Let us first establish that a vector in 3-dimensions can be broken into 3 components:

The x-axis component $\hat{i}$,

The y-axis component $\hat{j}$, and

The z-axis component $\hat{k}$.

Each component of a vector depicts the magnitude of influence of that vector in a given direction. The $\hat{i}$, $\hat{j}$ and $\hat{k}$ represent unit vectors in the x-, y- and z-direction respectively, and the number that precedes them represent the magnitude of the vector in that direction.

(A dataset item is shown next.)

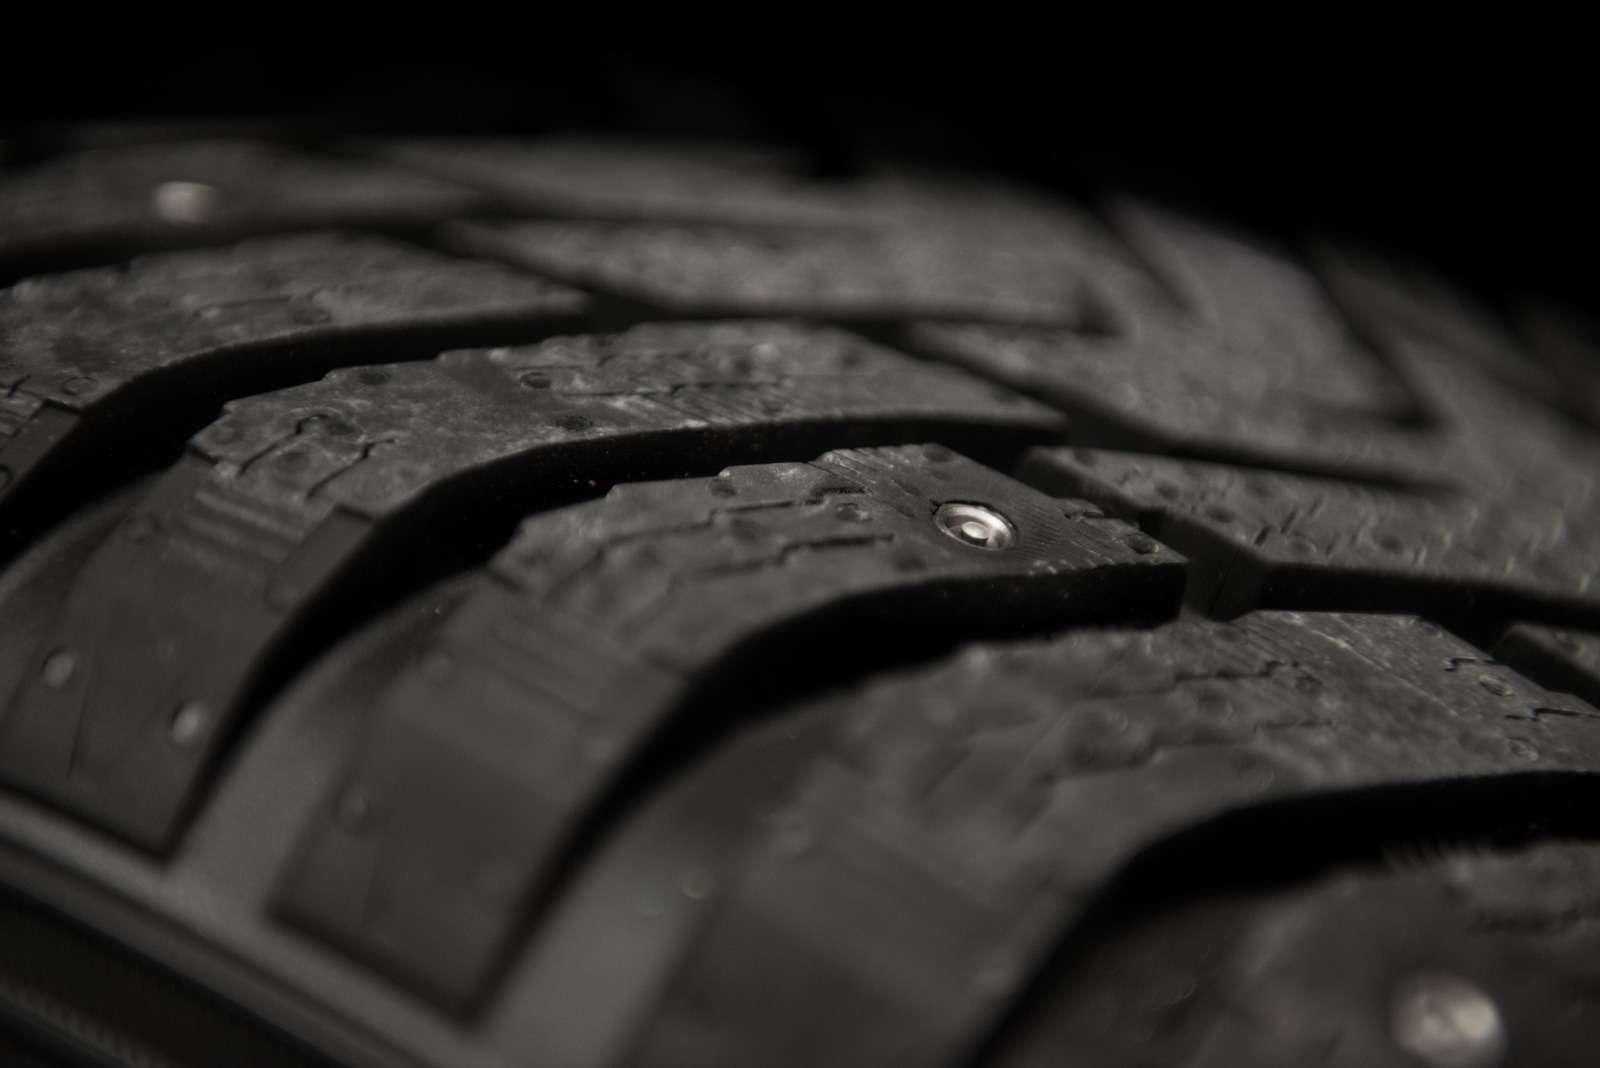 Non-studded_Nokian_Hakkapeliitta_concept_tyre_2_2014_новый размер

Now, we have a body that can move only along the direction of the z-axis. This means that any distance that we take that this body covers will be in the z($\vec{k}$)-direction. Therefore, the distance that the body travels under the influence of the force can be represented by the displacement vector $\vec{S} = 0\hat{i}+0\hat{j}+4\hat{k}$.

The work done by the force $\vec{F} = -1\hat{i}+2\hat{j}+3\hat{k}$ to move the body by a distance $\vec{S} =4\hat{k}$ is given as the scalar product of the two, i.e.,:

$W = \vec{F}.\vec{S} = \left(-1\hat{i}+2\hat{j}+3\hat{k}\right). \left(4\hat{k}\right)$

$\Rightarrow W = \left(3\hat{k}\right). \left(4\hat{k}\right) = 12\;J$

Therefore, only the z-component of the force contributes to moving the body in the z-direction. Thus, the work done by the force in moving the body through a distance of $4\;m$ is $12\;J$

Remember that the dot product of two vectors results in a scalar quantity and hence is it not directional. Another form of expressing the dot product when instead of the individual components the angle $\theta$ between the two vectors is given is:

$W = \vec{F}.\vec{S} = |F||S|cos\theta$

In the above problem, we consider only $ W = \left(3\hat{k}\right). \left(4\hat{k}\right) $, which means $ W = 4 \times 3 \cos 0^{\circ} = 12\;J$ since $cos0^{\circ} =1$ . This is the same reason why we do not consider $\hat{i}.\hat{j}$ or $\hat{j}.\hat{k}$ or $\hat{i}.\hat{k}$ since for them, $\theta =90^{\circ} \Rightarrow cos 90^{\circ} = 0, \Rightarrow W=0$.

Therefore, the work done is numerically quantified only when the vectors are not perpendicular to each other and the vectors have non-zero components.